Instructions to follow
Repeat every line of the data exactly; the pictures stay out.

Source material
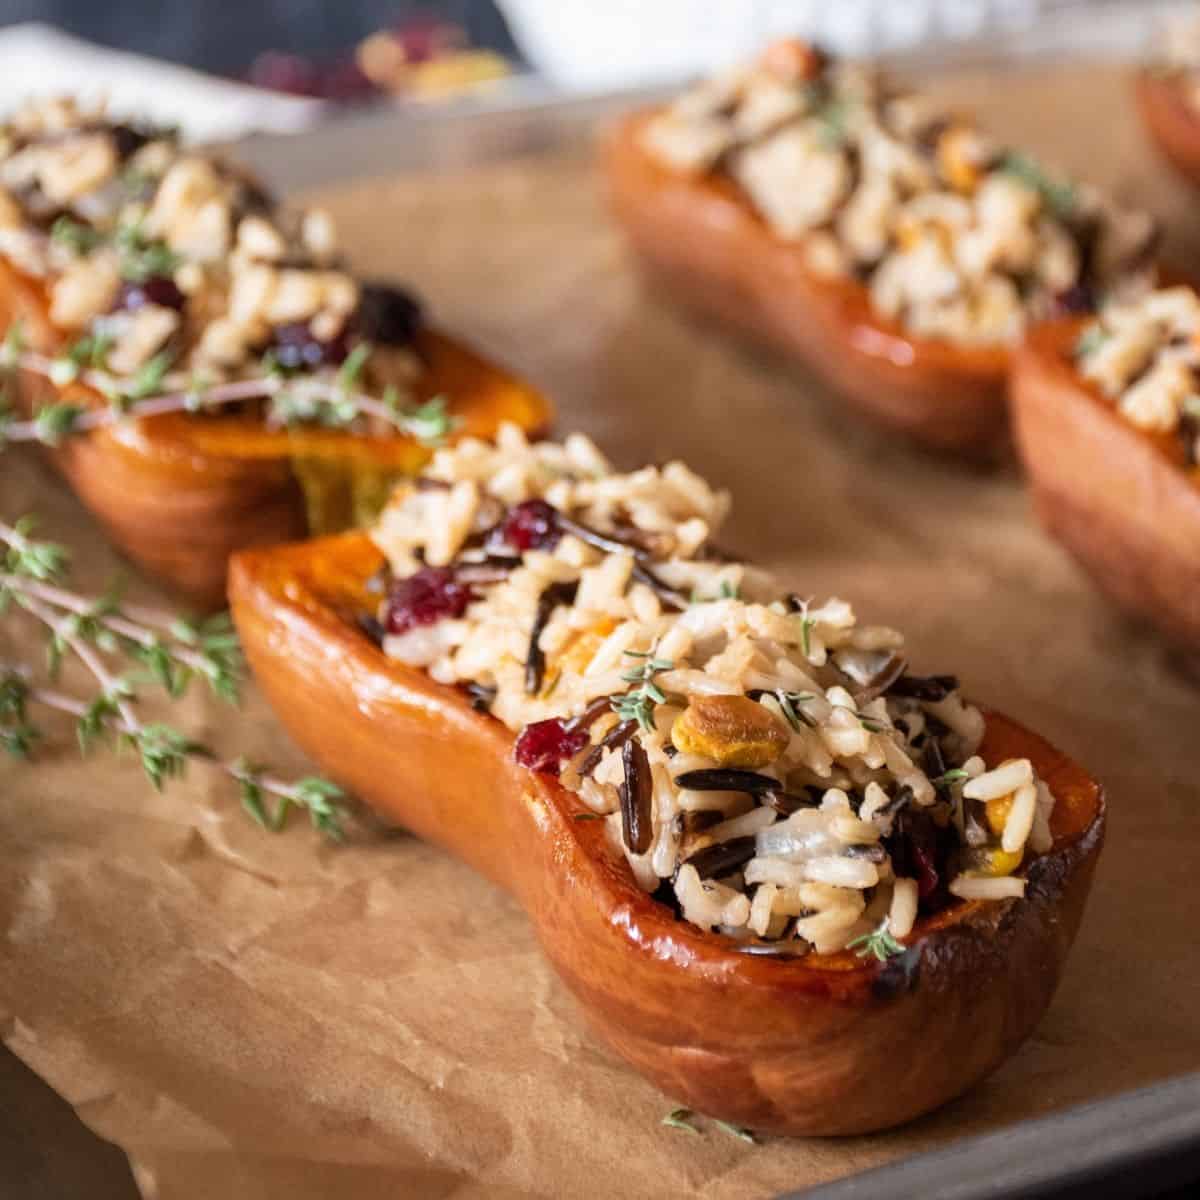 Honeynut Squash Stuffed with Cranberry Wild Rice Pilaf - Being Nutritious
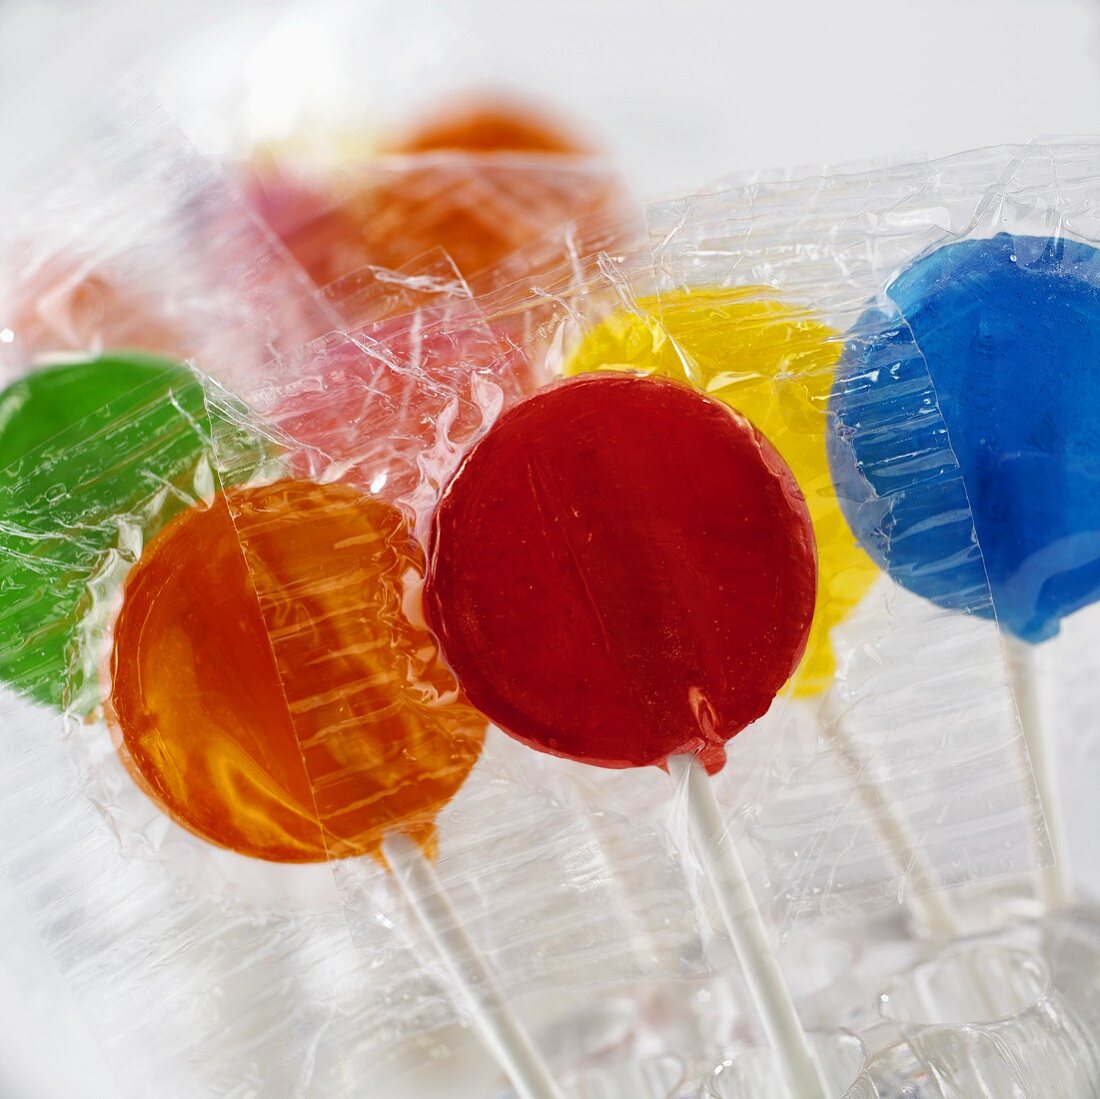 Coloured lollipops in cellophane wrappers
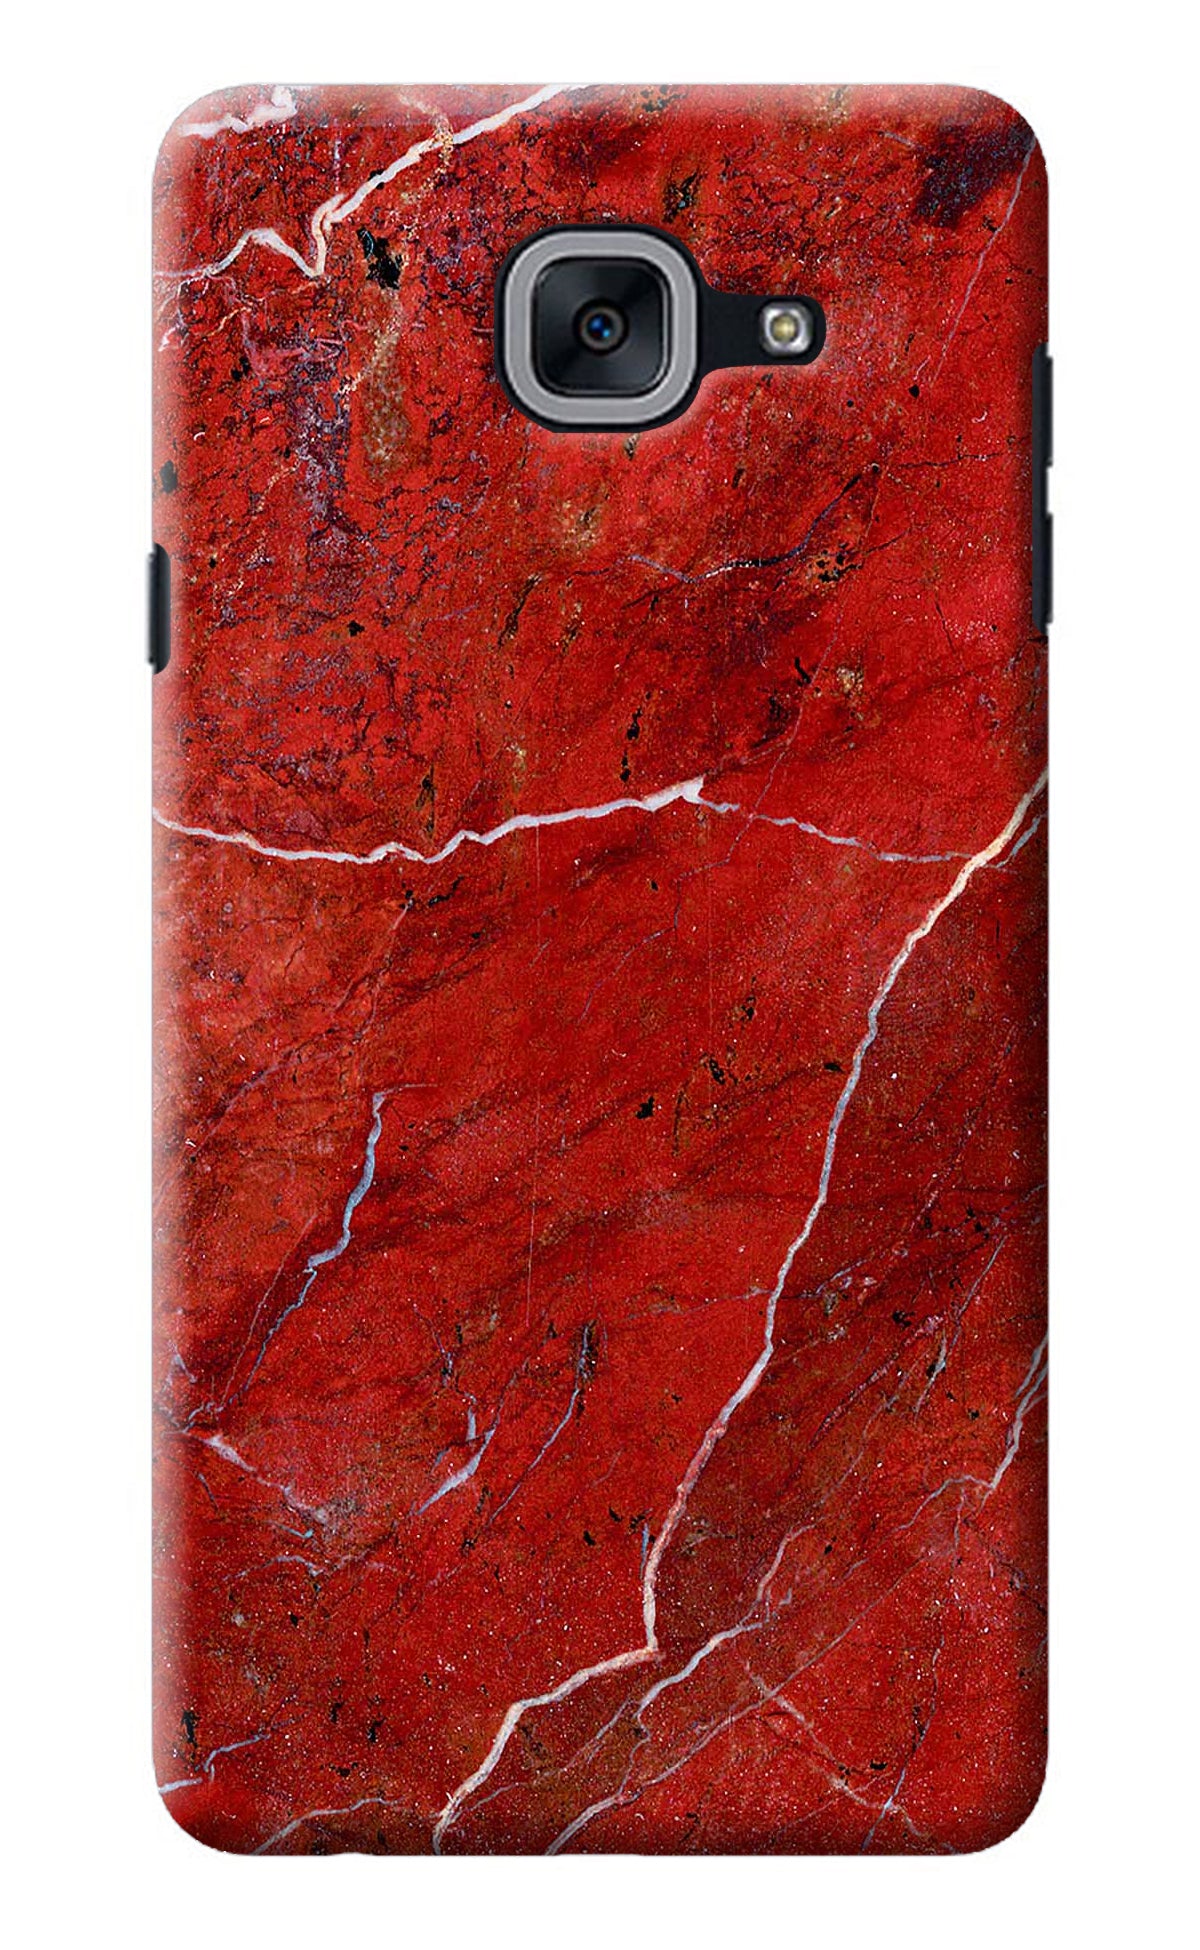 Red Marble Design Samsung J7 Max Back Cover

Output below
 Honeynut Squash Stuffed with Cranberry Wild Rice Pilaf - Being Nutritious
 Coloured lollipops in cellophane wrappers
 Red Marble Design Samsung J7 Max Back Cover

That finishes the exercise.